The FDA granted a breakthrough therapy designation to UGN-101 in October 2018 for instillation as a treatment for patients with low-grade UTUC, which included data from the OLYMPUS trial. In December 2018, UroGen initiated a rolling submission of a new drug application with the FDA for UGN-101 in this setting.
UGN-101 uses the RTGel™ technology platform and is designed to permit longer exposure of mitomycin to urinary tract tissue, which allows for the nonsurgical treatment of these tumors. The therapy is administered to patients using standard ureteral catheters.
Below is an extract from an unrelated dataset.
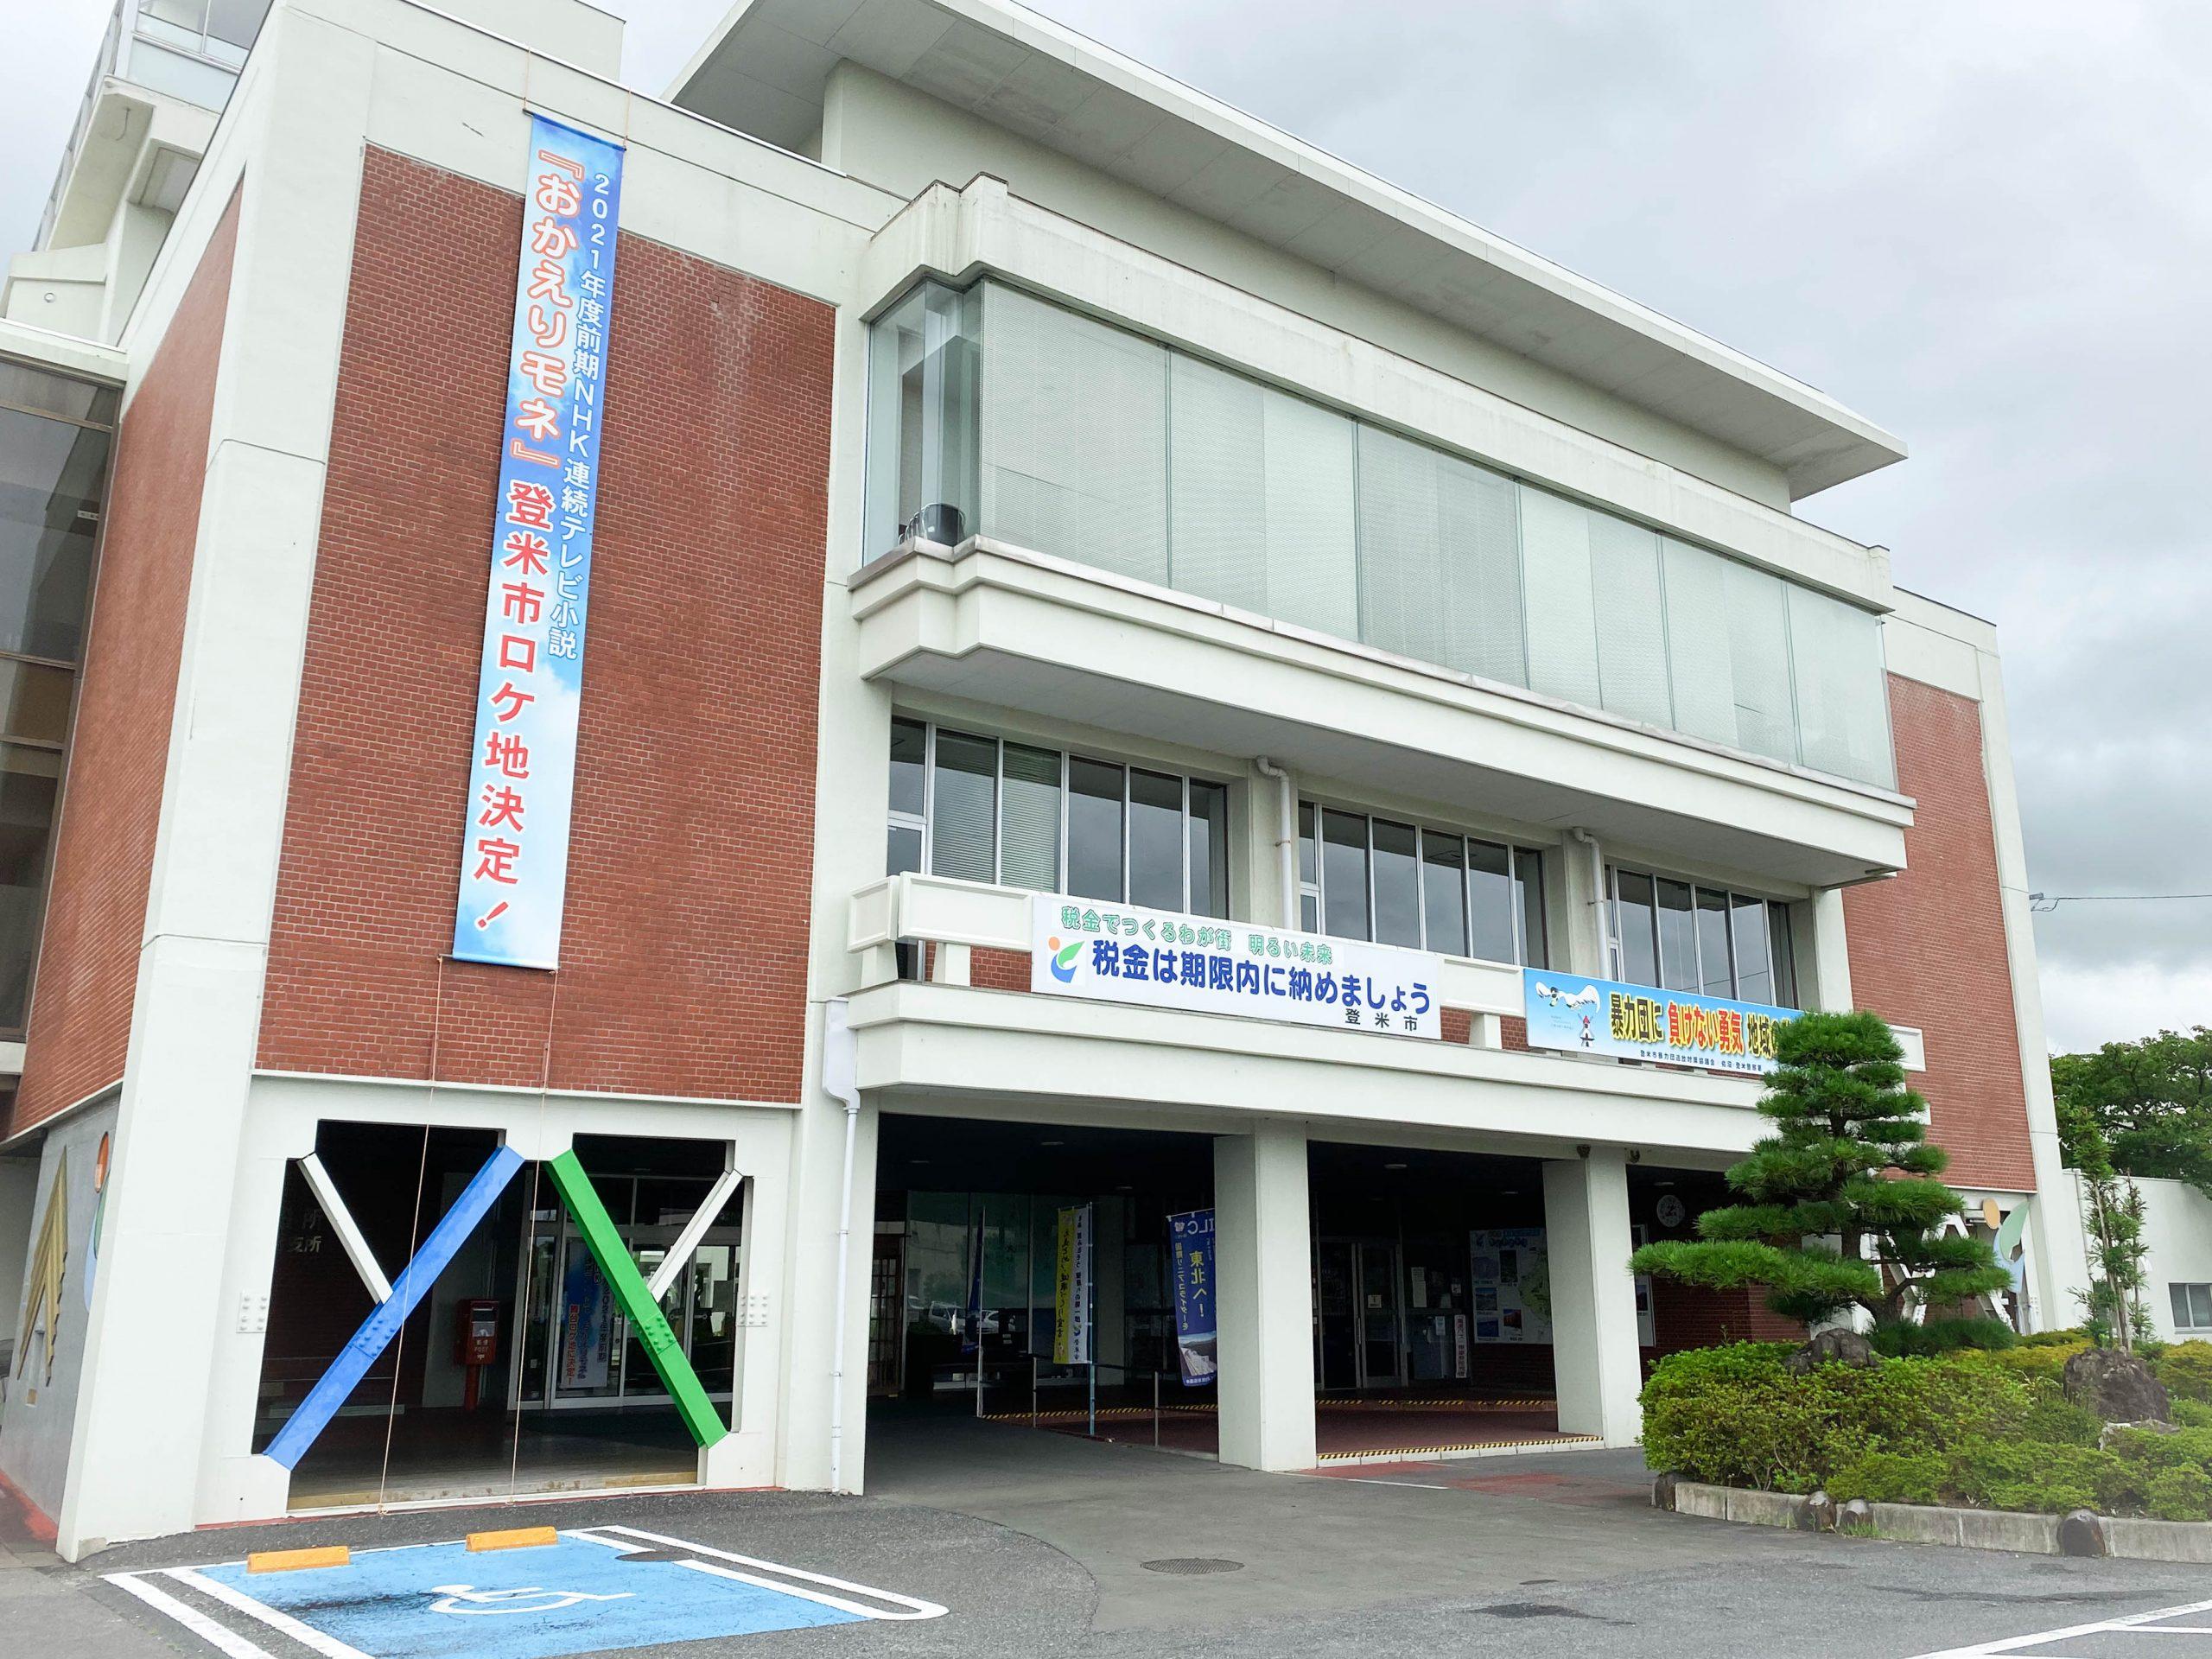 登米市がNHK連続テレビ小説のロケ地に決定

The prospective, international, multicenter, open-label, single-arm OLYMPUS trial was designed to evaluate the efficacy, safety, and tolerability of UGN-101 in patients with low-grade UTUC. To be eligible for enrollment, adult patients had to have treatment-naïve or recurrent disease, ≥1 measurable papillary low-grade tumor ≤15 mm, and a wash urine cytology sampled from the pyelocaliceal system showing the absence of high-grade disease.
Those who previously received Bacillus Calmette-Guérin within the past 6 months, had untreated concurrent urothelial cancer in other sites aside from the target area, prior carcinoma in situ in the urinary tract, prior 5-year history of invasive urothelial carcinoma in the urinary tract, prior 2-year history of high-grade papillary urothelial carcinoma in the urinary tract, or is actively being treated or intends to be treated with chemotherapy are excluded.
Investigators enrolled 71 patients with low-grade UTUC who received 4 mg mitomycin C (MMC) concentration per 1 mL of TC-3 gel, with a maximum dose of 15 ml for 6 once-weekly intravesical instillations. The co-primary endpoints were CR, which was defined as a negative ureteroscopic evaluation and negative wash cytology and adverse events (AEs) rate.
Moreover, patients in CR will receive UGN-101 once monthly as maintenance treatment for 11 instillations or the first recurrence, whichever comes first.
Secondary endpoints included long-term durability of CR, CR rate at 3, 6, and 9 months after evaluation, partial response, MMC level in the plasma for select patients.
Sixty-one patients were evaluated for CR; primary disease evaluation is awaited in the remaining 10 patients. Results also showed that 45% of tumors were found to be unresectable by surgery at baseline. Of those who achieved CR, the company noted that half of the patients have 6-month durability.
Regarding safety, UGN-101 was found to be associated with mild or moderate treatment-emergent AEs—including ureteral narrowing and hydronephrosis, urinary tract infection, flank plain, and creatine elevation—which were transient and coincided with ureteral procedures.
In an interim analysis of the OLYMPUS study of 28 evaluable patients, the CR rate in the intent-to-treat (ITT) cohort was 57%, with 5 patients who had not undergone their assessment.2 At the time 6 patients underwent 3-month follow-up and remained in CR.